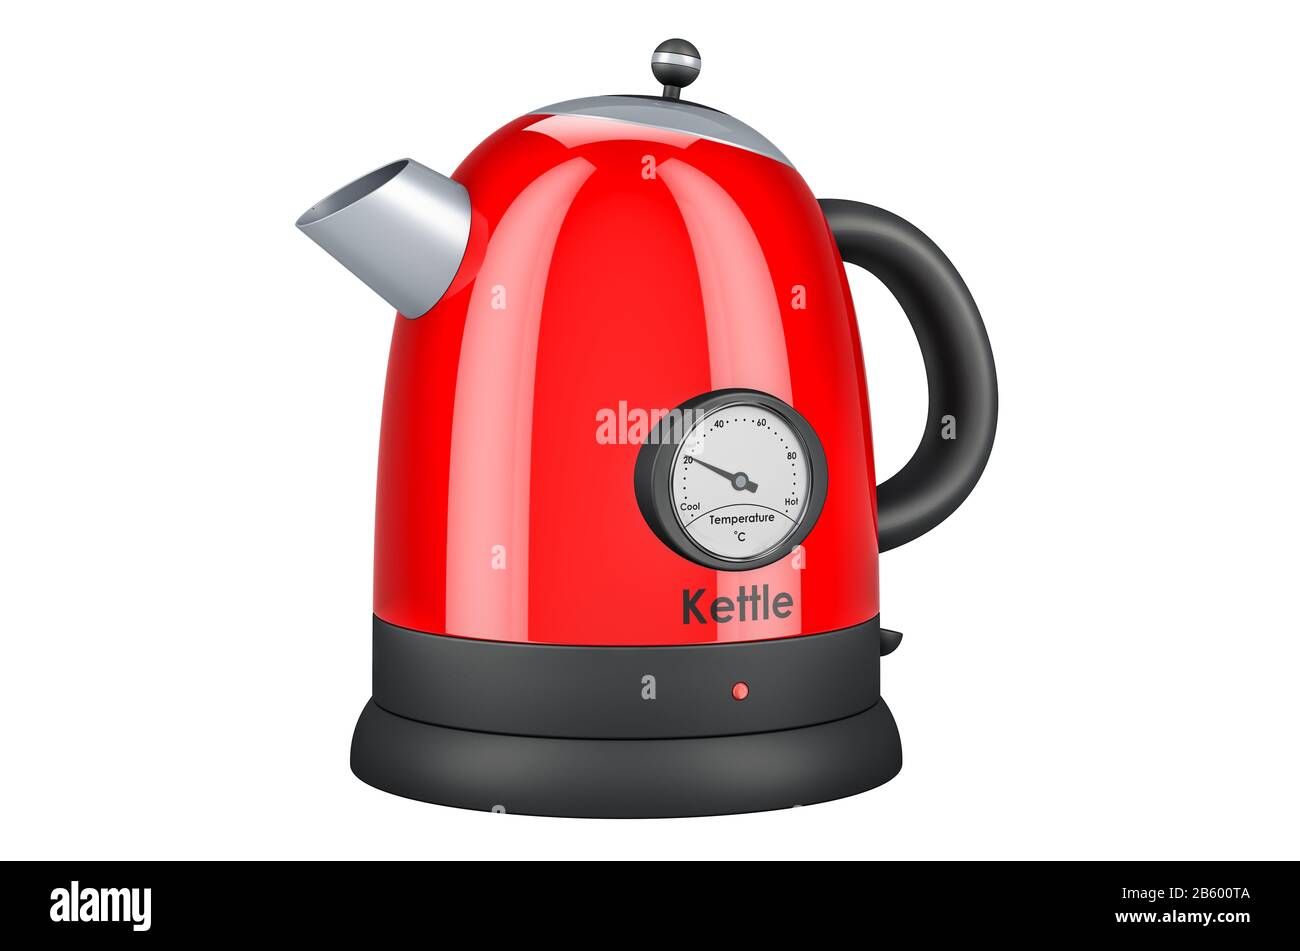 https://c8.alamy.com/comp/2B600TA/red-electric-kettle-with-temperature-control-retro-design-3d-rendering-isolated-on-white-backgroun-2B600TA.jpg
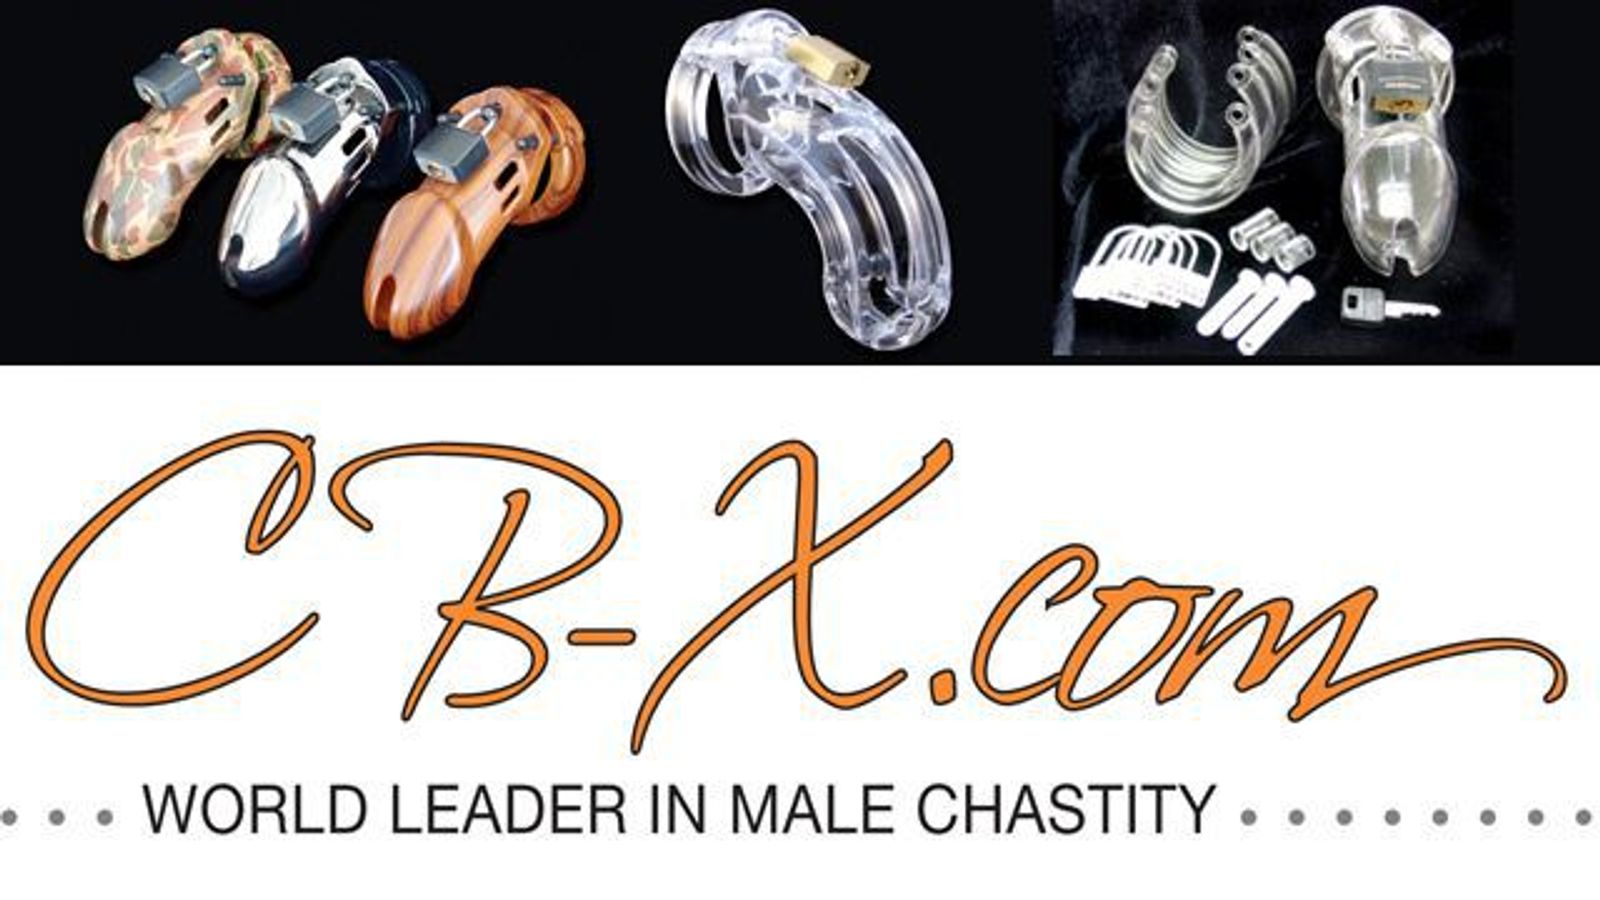 CB-X Male Chastity Now Available in Australia, Brazil And Canada
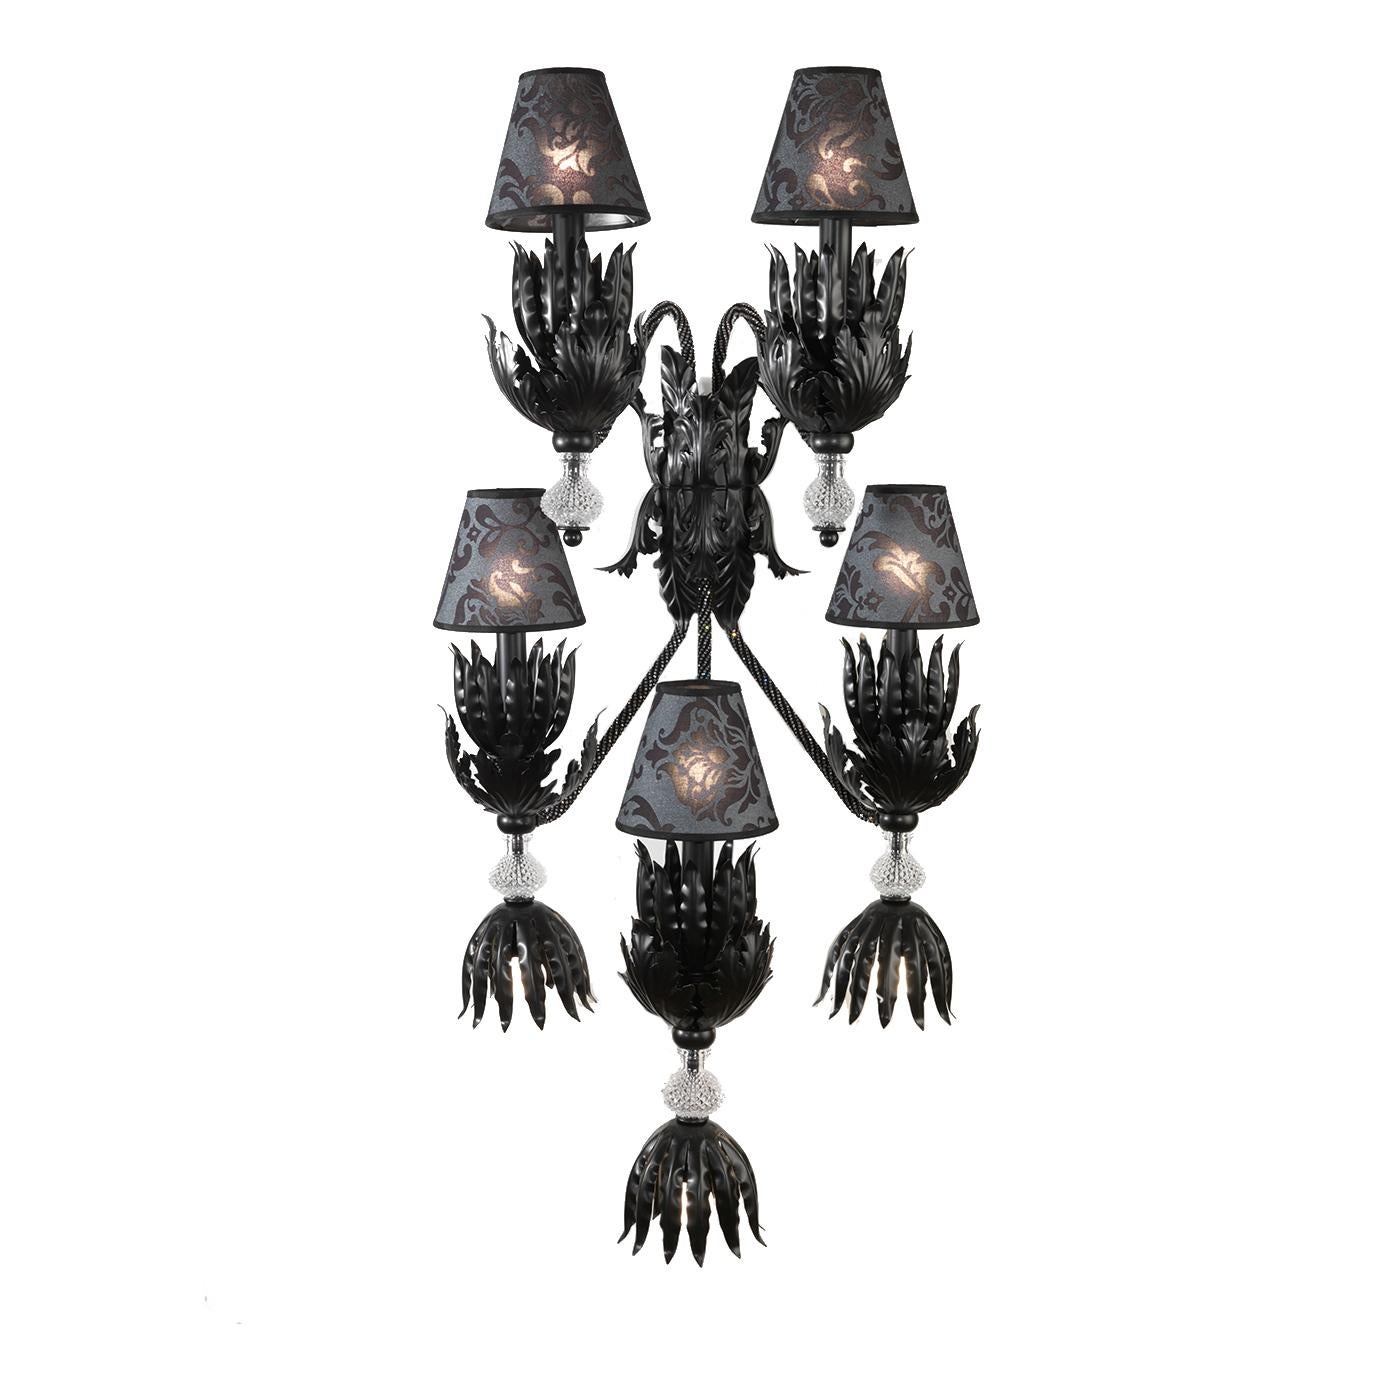 Part of the Enchanté collection, this sconce was designed by Leonardo de Carlo and will add drama and elegance to a monochromatic entryway, powder room, or living room. Its structure in hand forged iron with a black finish comprises a base

_What is needed_: No pictures belong in the copy. Repeat the listing above exactly.

_Answer for this exercise_:
 https://c8.alamy.com/comp/2B600TA/red-electric-kettle-with-temperature-control-retro-design-3d-rendering-isolated-on-white-backgroun-2B600TA.jpg
 CB-X Male Chastity Now Available in Australia, Brazil And Canada
 Part of the Enchanté collection, this sconce was designed by Leonardo de Carlo and will add drama and elegance to a monochromatic entryway, powder room, or living room. Its structure in hand forged iron with a black finish comprises a base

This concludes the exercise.